Top of Data records
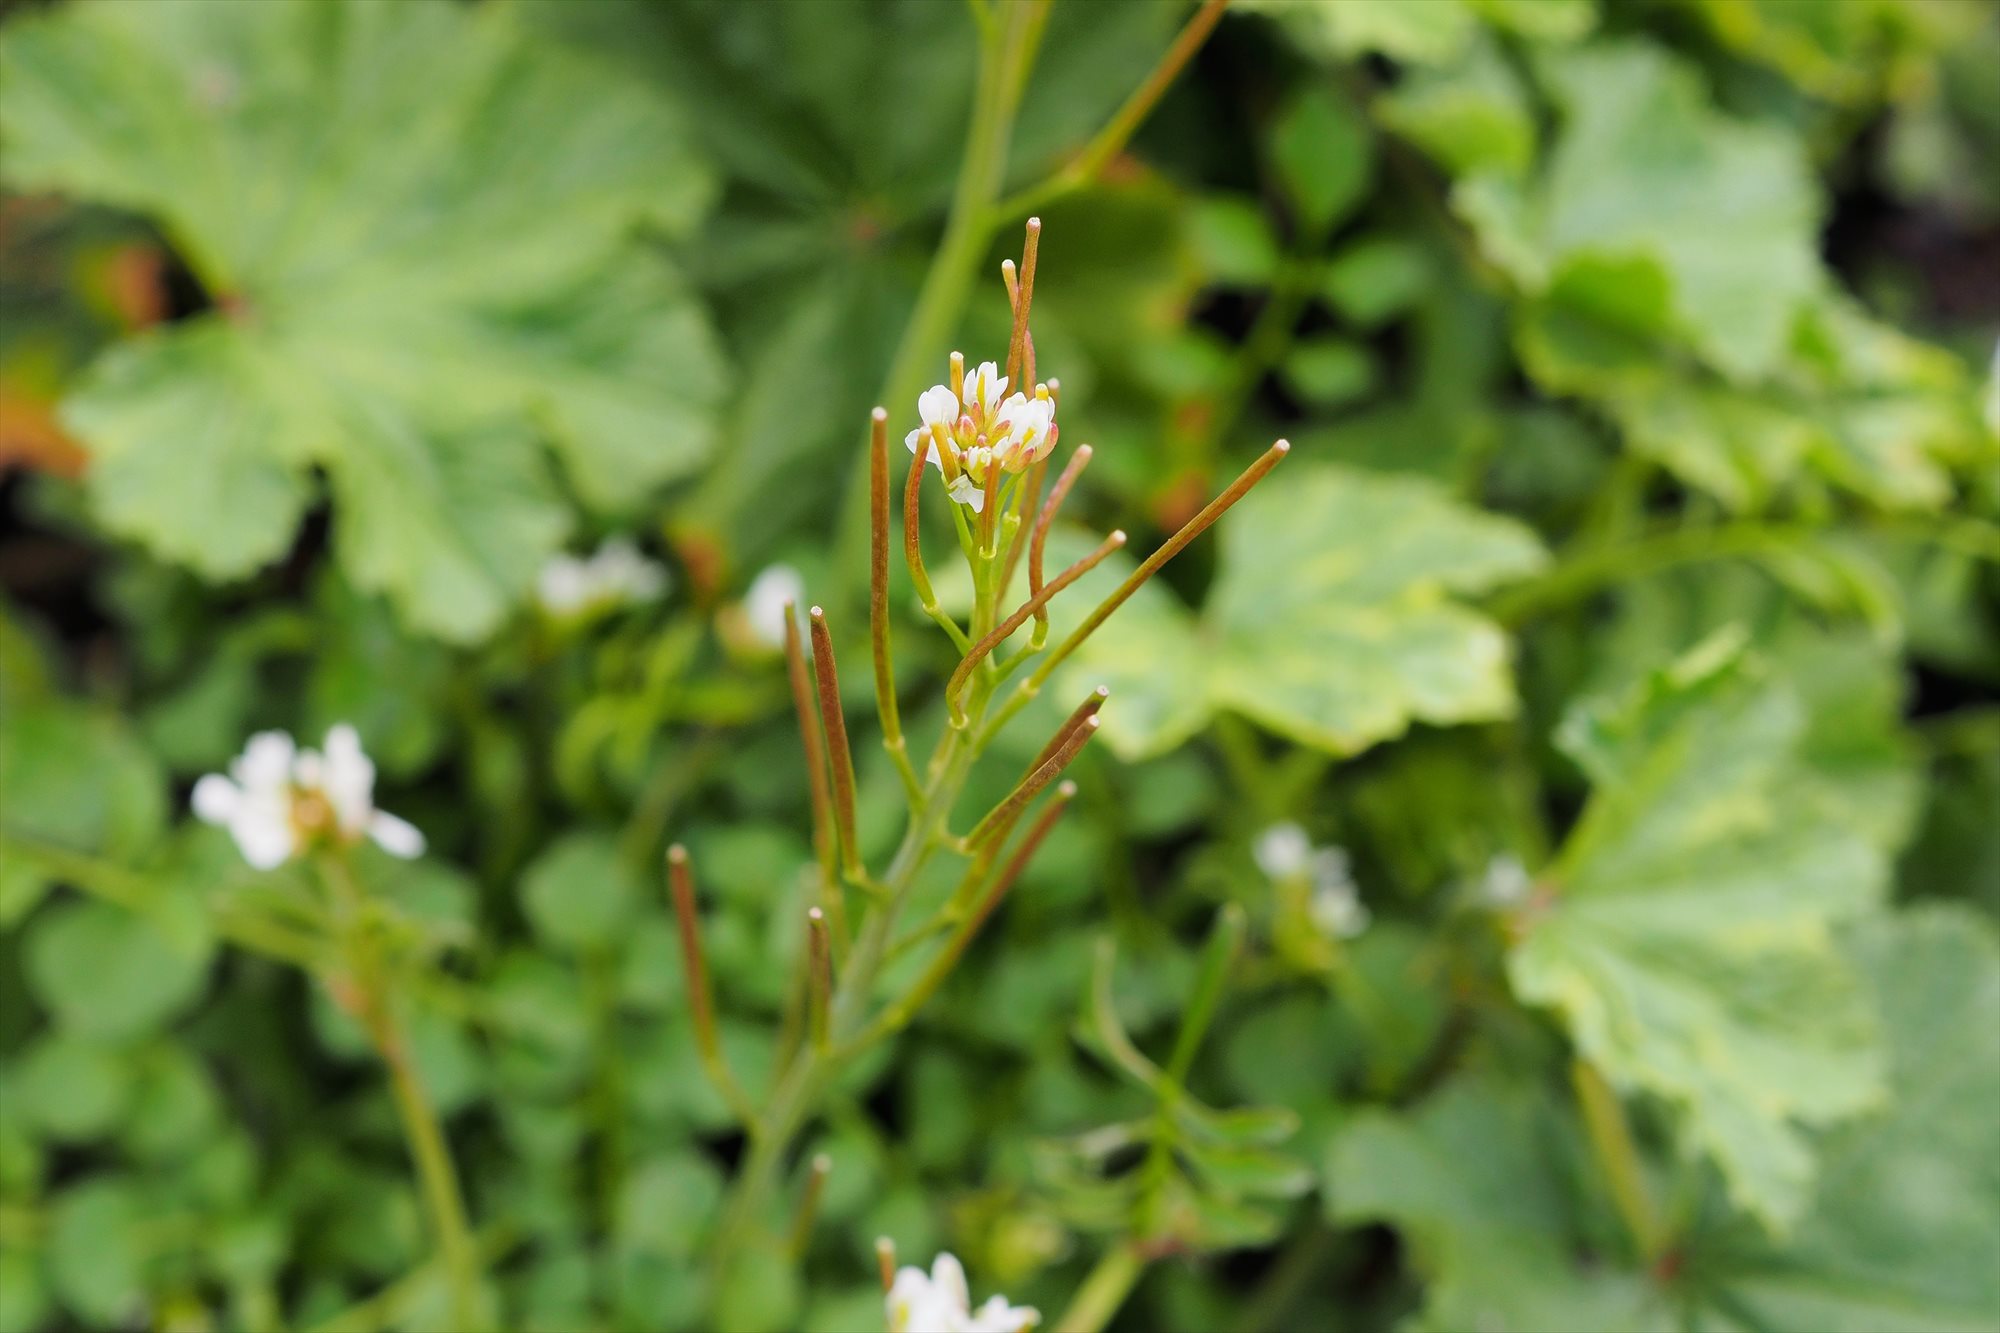 初春 春の雑草 まだ寒い時期に咲く小さな白い花 ミチタネツケバナ タネツケバナとの違いは Saluton Mondo 和花の作業部屋
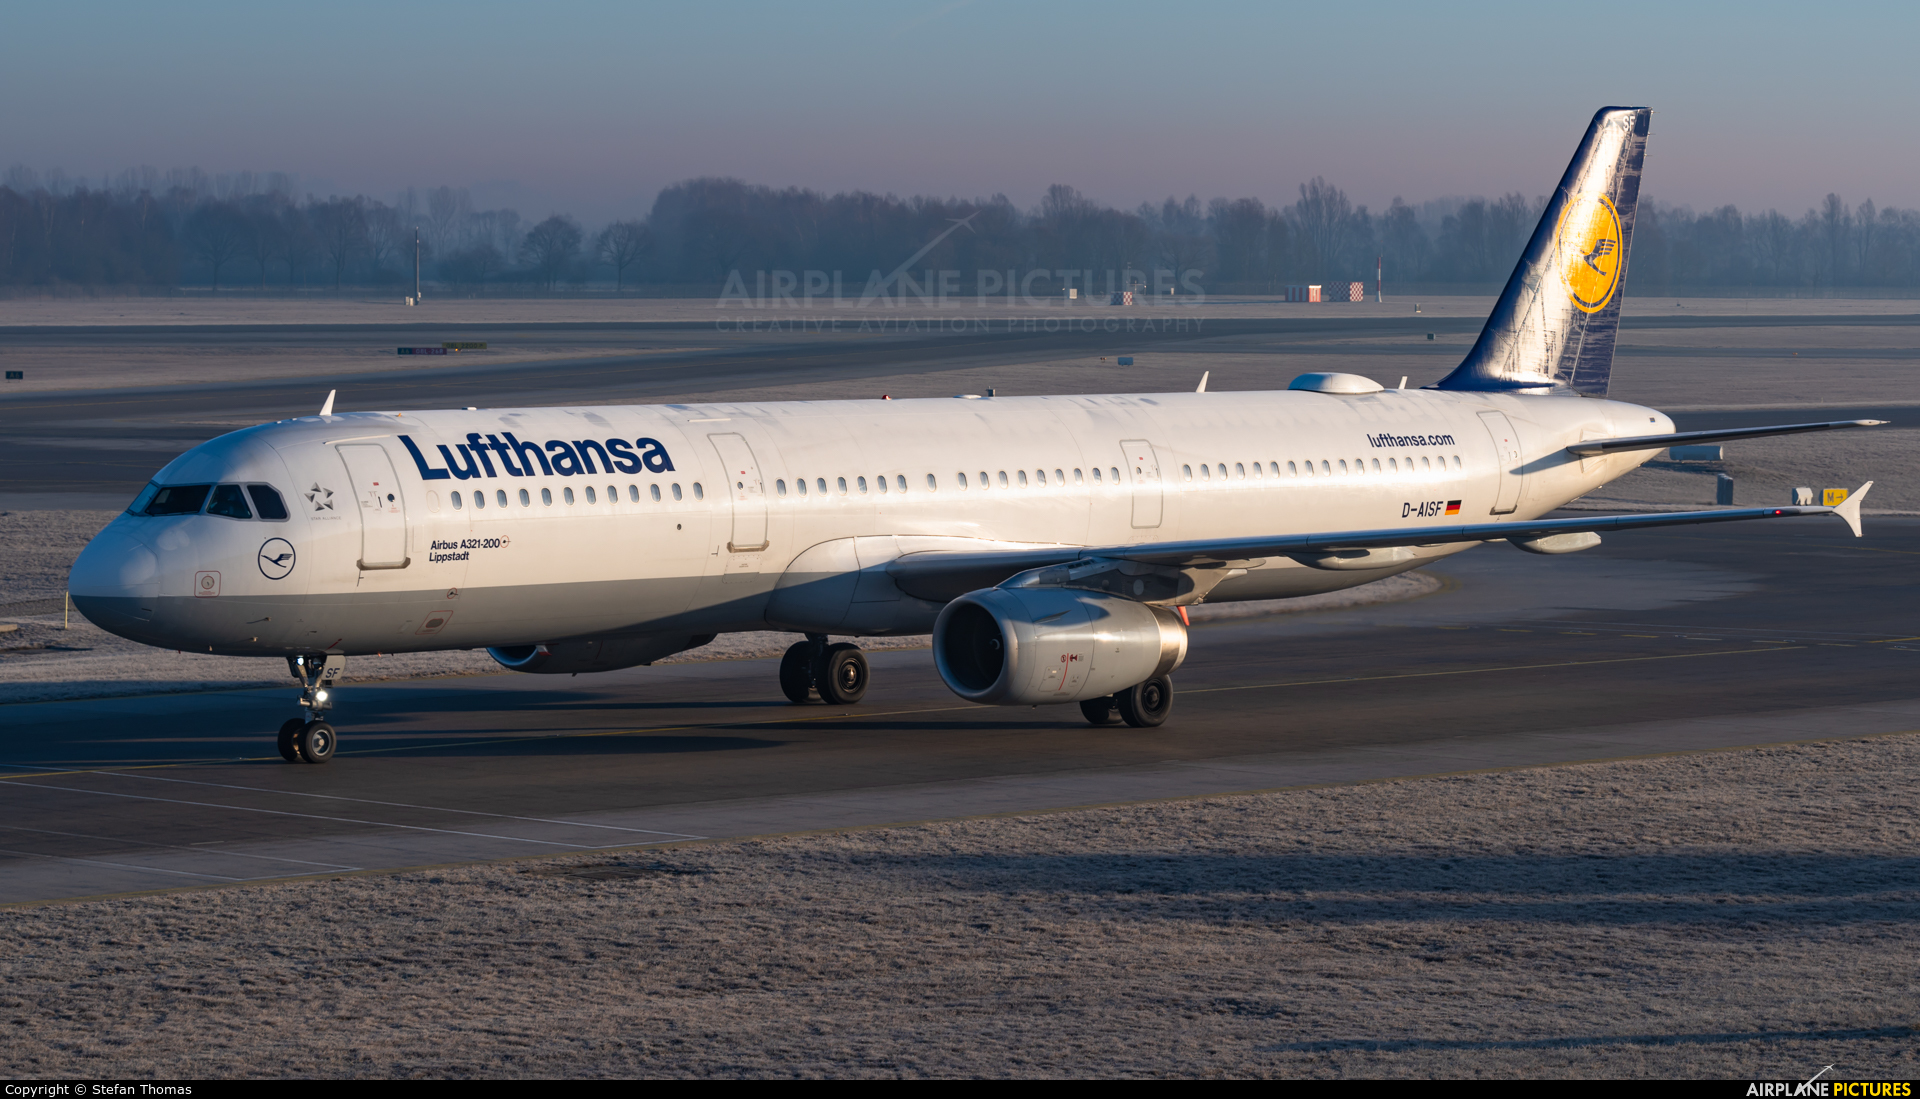 Lufthansa D-AISF aircraft at Munich
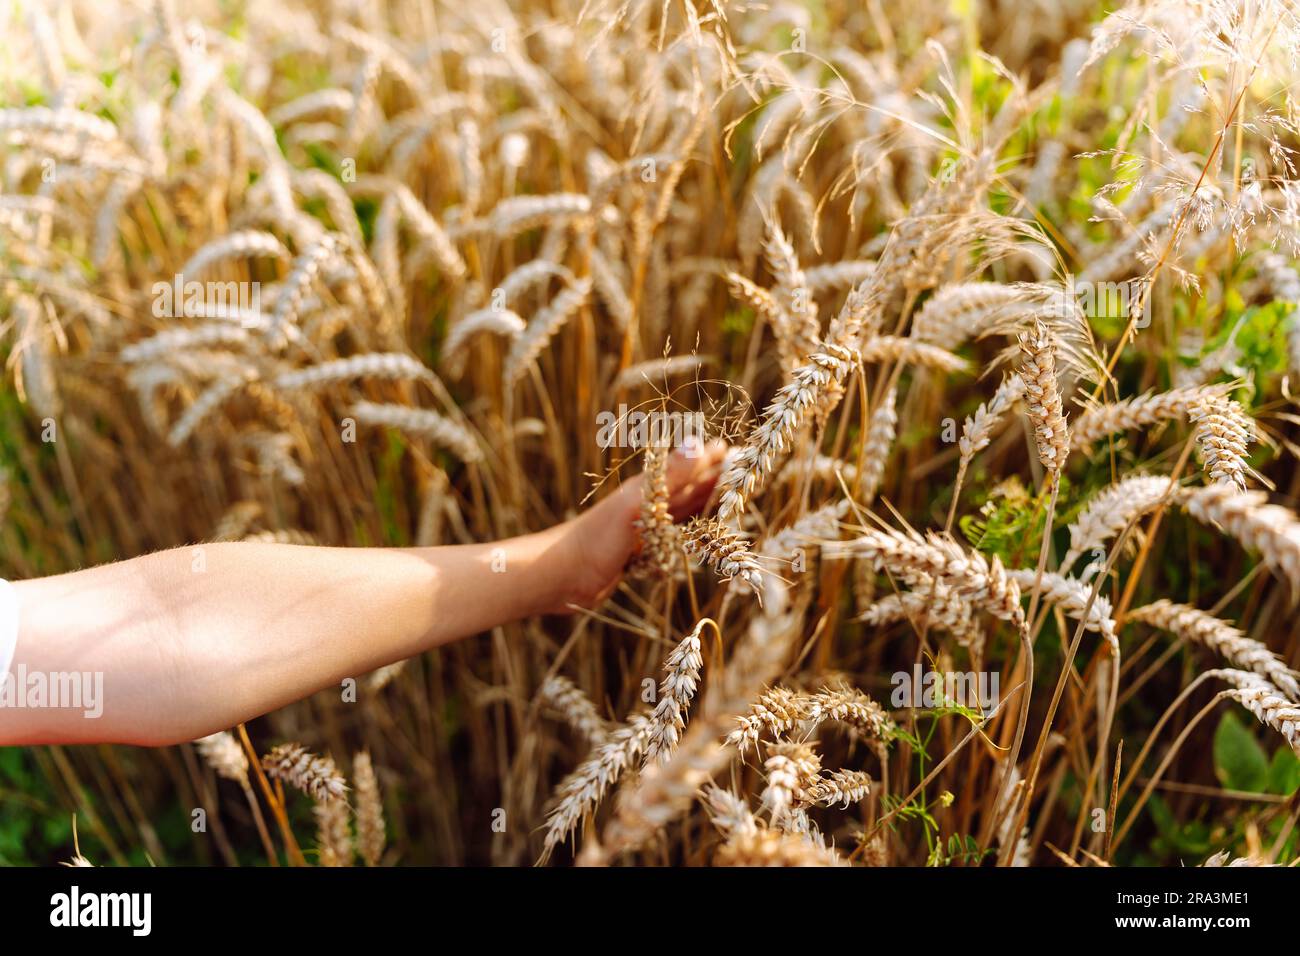 Die Hand eines Kindes berührt Maiskolben auf einem Weizenfeld Stockfoto
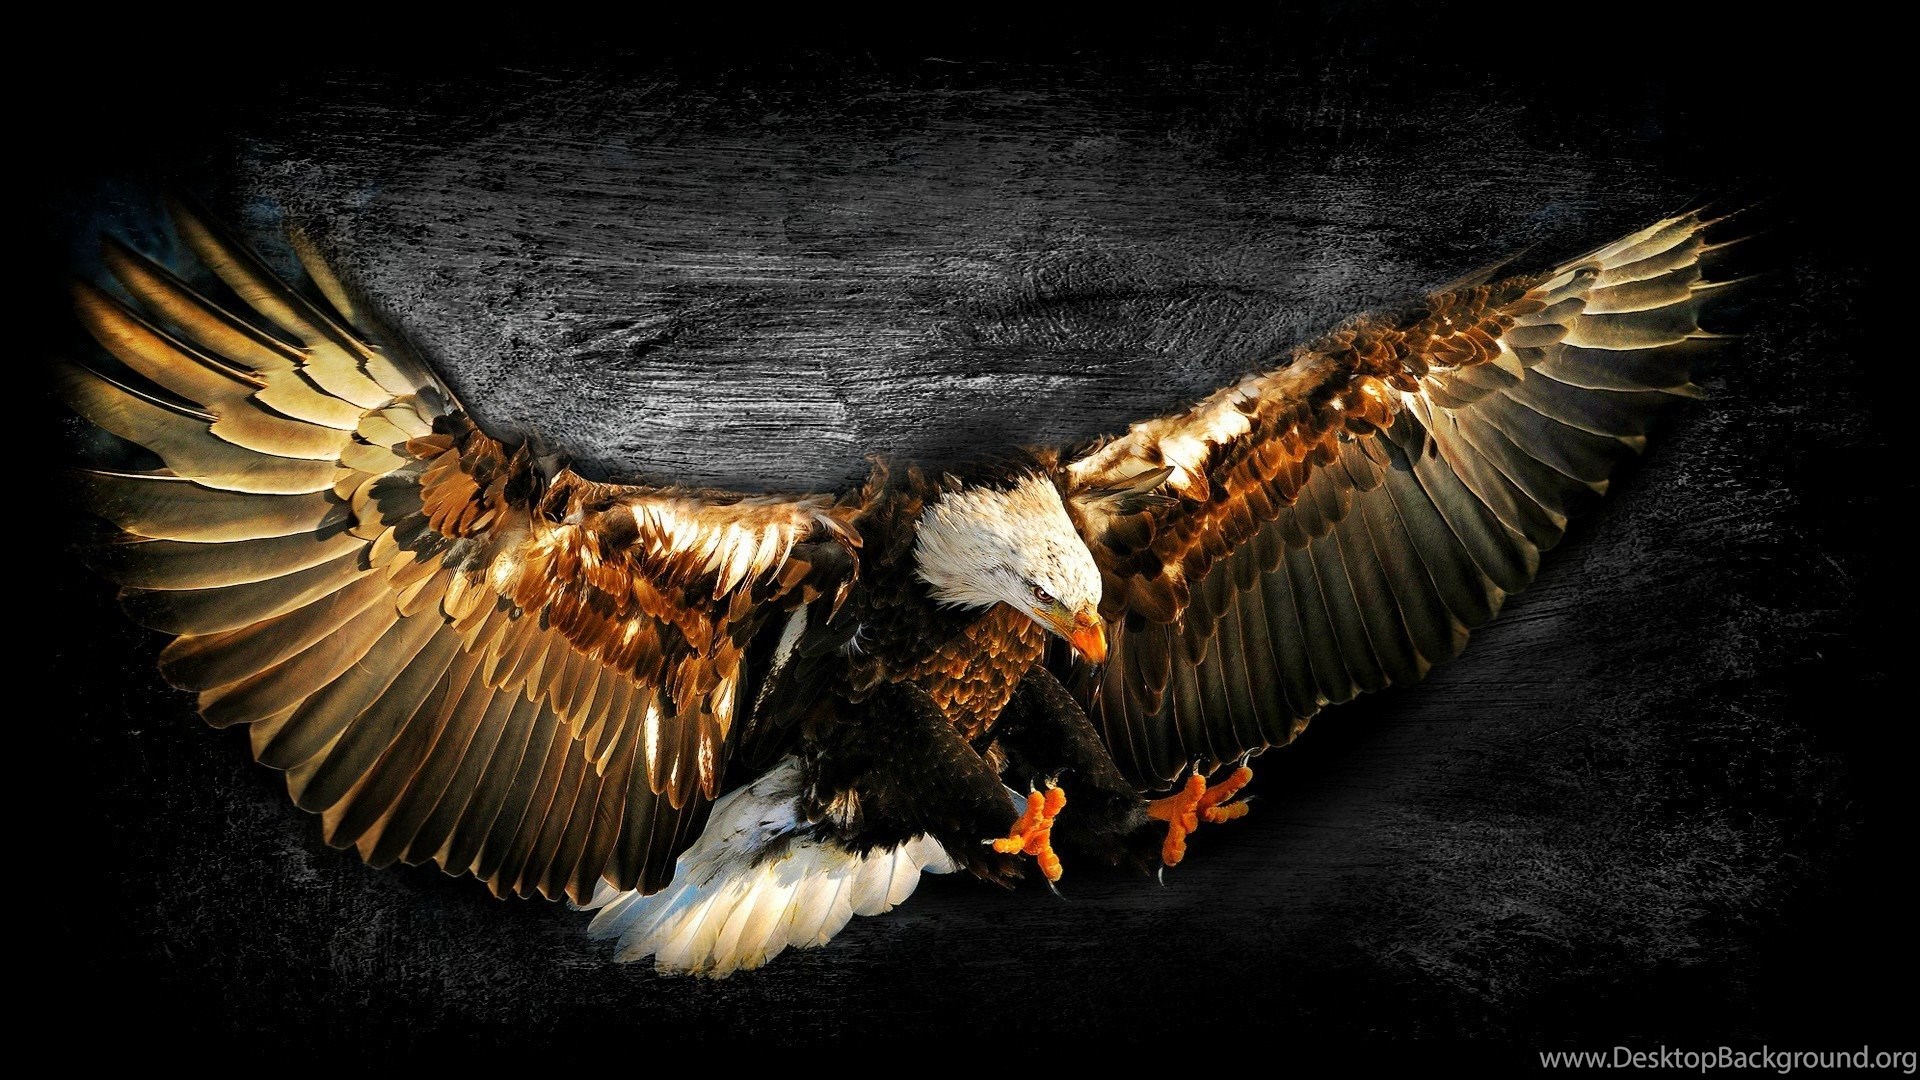 Bald Eagle Work Of Art Wallpaper Desktop Background
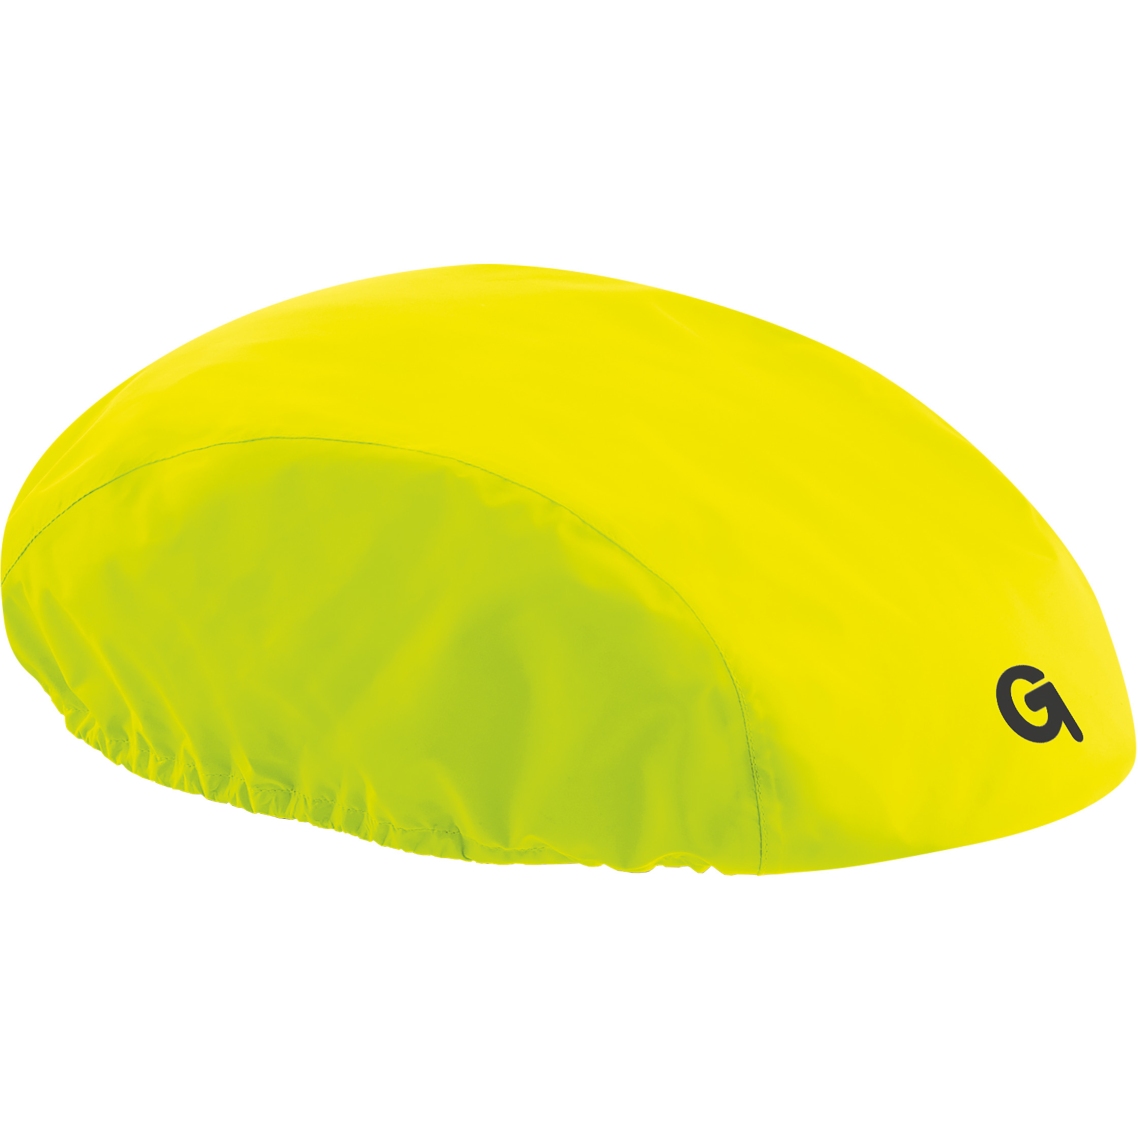 Produktbild von Gonso Allwetter Helmhaube - Safety Yellow
Bottom of Data records
What needs to be done: Reproduce, word for word, every line from the one that contains "Lufthansa D-AISF aircraft at Munich" to the end of the data, including both ends; omit all pictures.

Reply to the exercise:
 Lufthansa D-AISF aircraft at Munich
 Die Hand eines Kindes berührt Maiskolben auf einem Weizenfeld Stockfoto
 Bald Eagle Work Of Art Wallpaper Desktop Background
 Produktbild von Gonso Allwetter Helmhaube - Safety Yellow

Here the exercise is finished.